WORK TASK | Would you print the listing that follows exactly, but without its pictures?

THE DATA |
== == ==

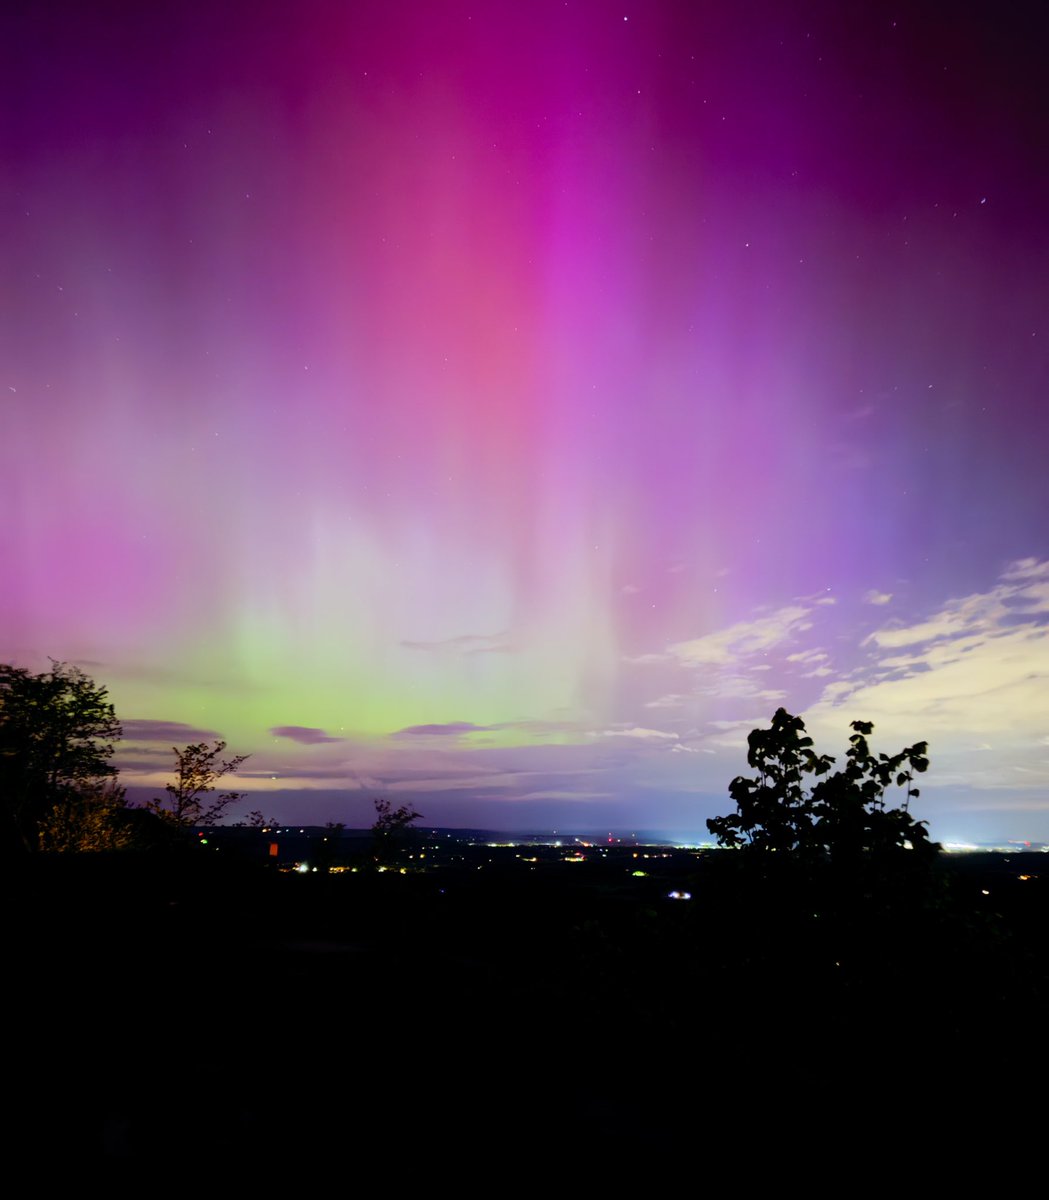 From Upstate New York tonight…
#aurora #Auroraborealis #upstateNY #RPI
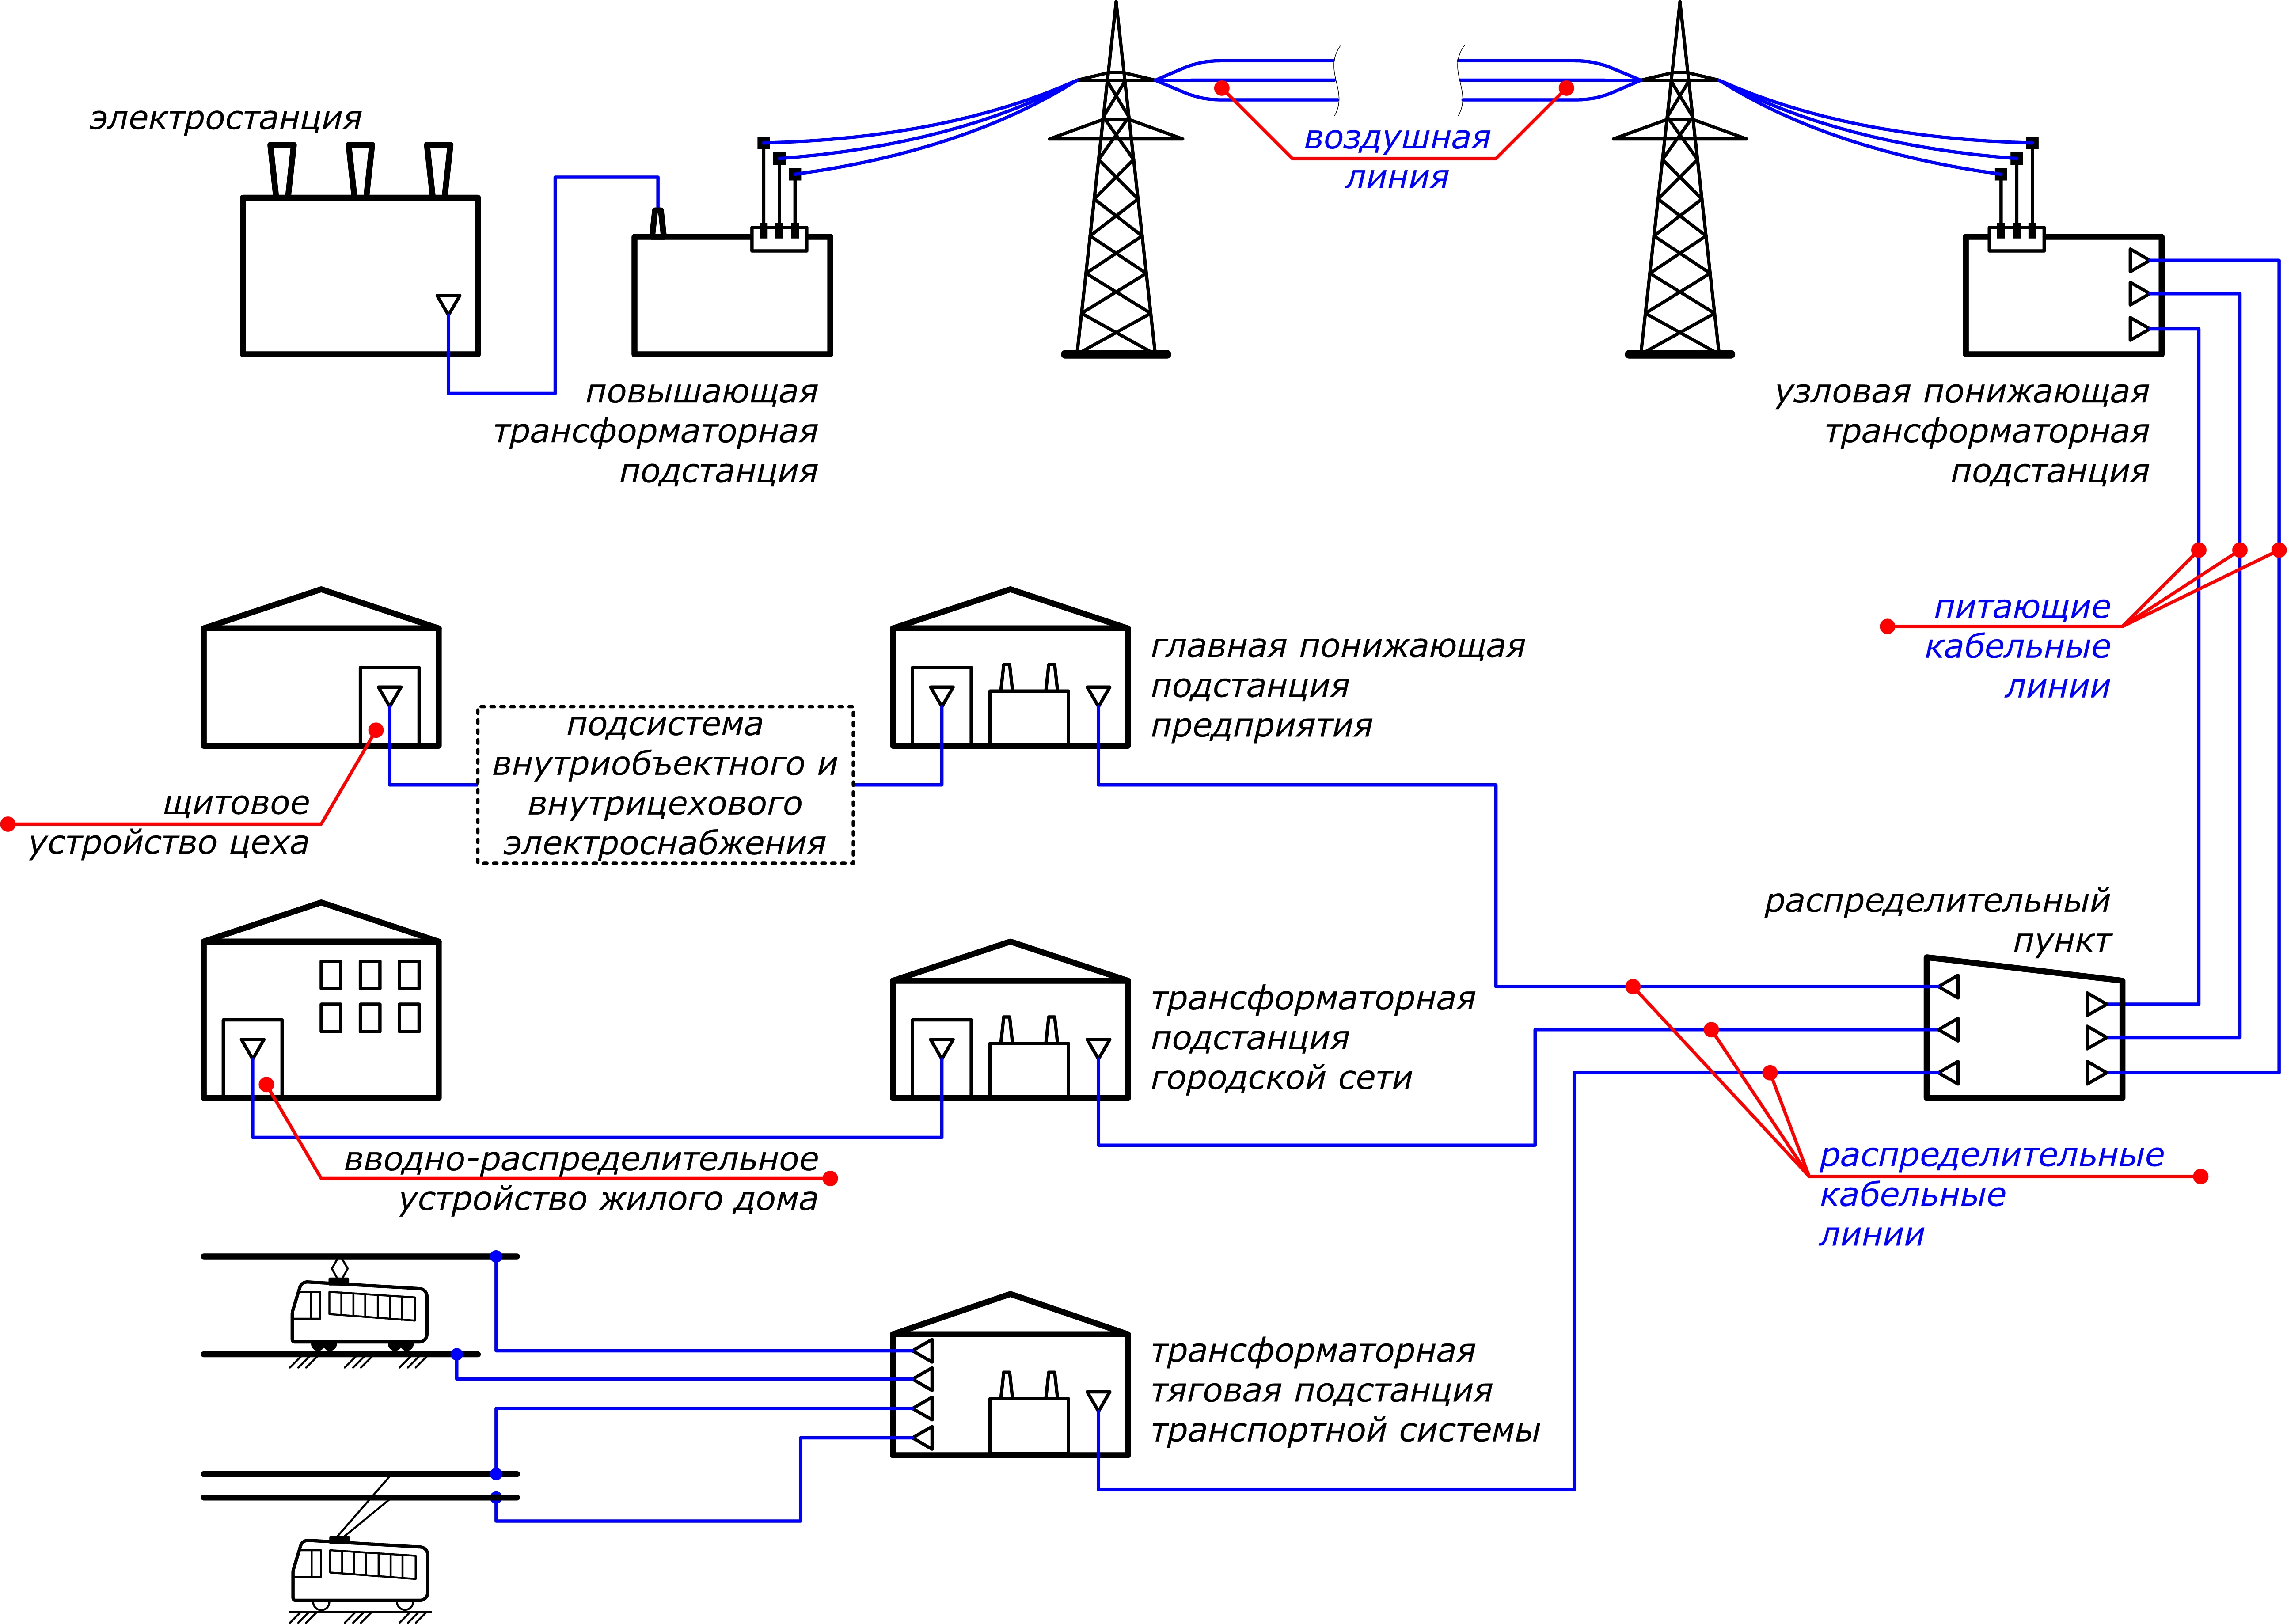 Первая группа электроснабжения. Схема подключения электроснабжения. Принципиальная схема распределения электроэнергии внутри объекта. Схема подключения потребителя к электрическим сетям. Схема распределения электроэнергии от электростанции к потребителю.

== == ==

WRITTEN ANSWER |
 From Upstate New York tonight…
#aurora #Auroraborealis #upstateNY #RPI
 Первая группа электроснабжения. Схема подключения электроснабжения. Принципиальная схема распределения электроэнергии внутри объекта. Схема подключения потребителя к электрическим сетям. Схема распределения электроэнергии от электростанции к потребителю.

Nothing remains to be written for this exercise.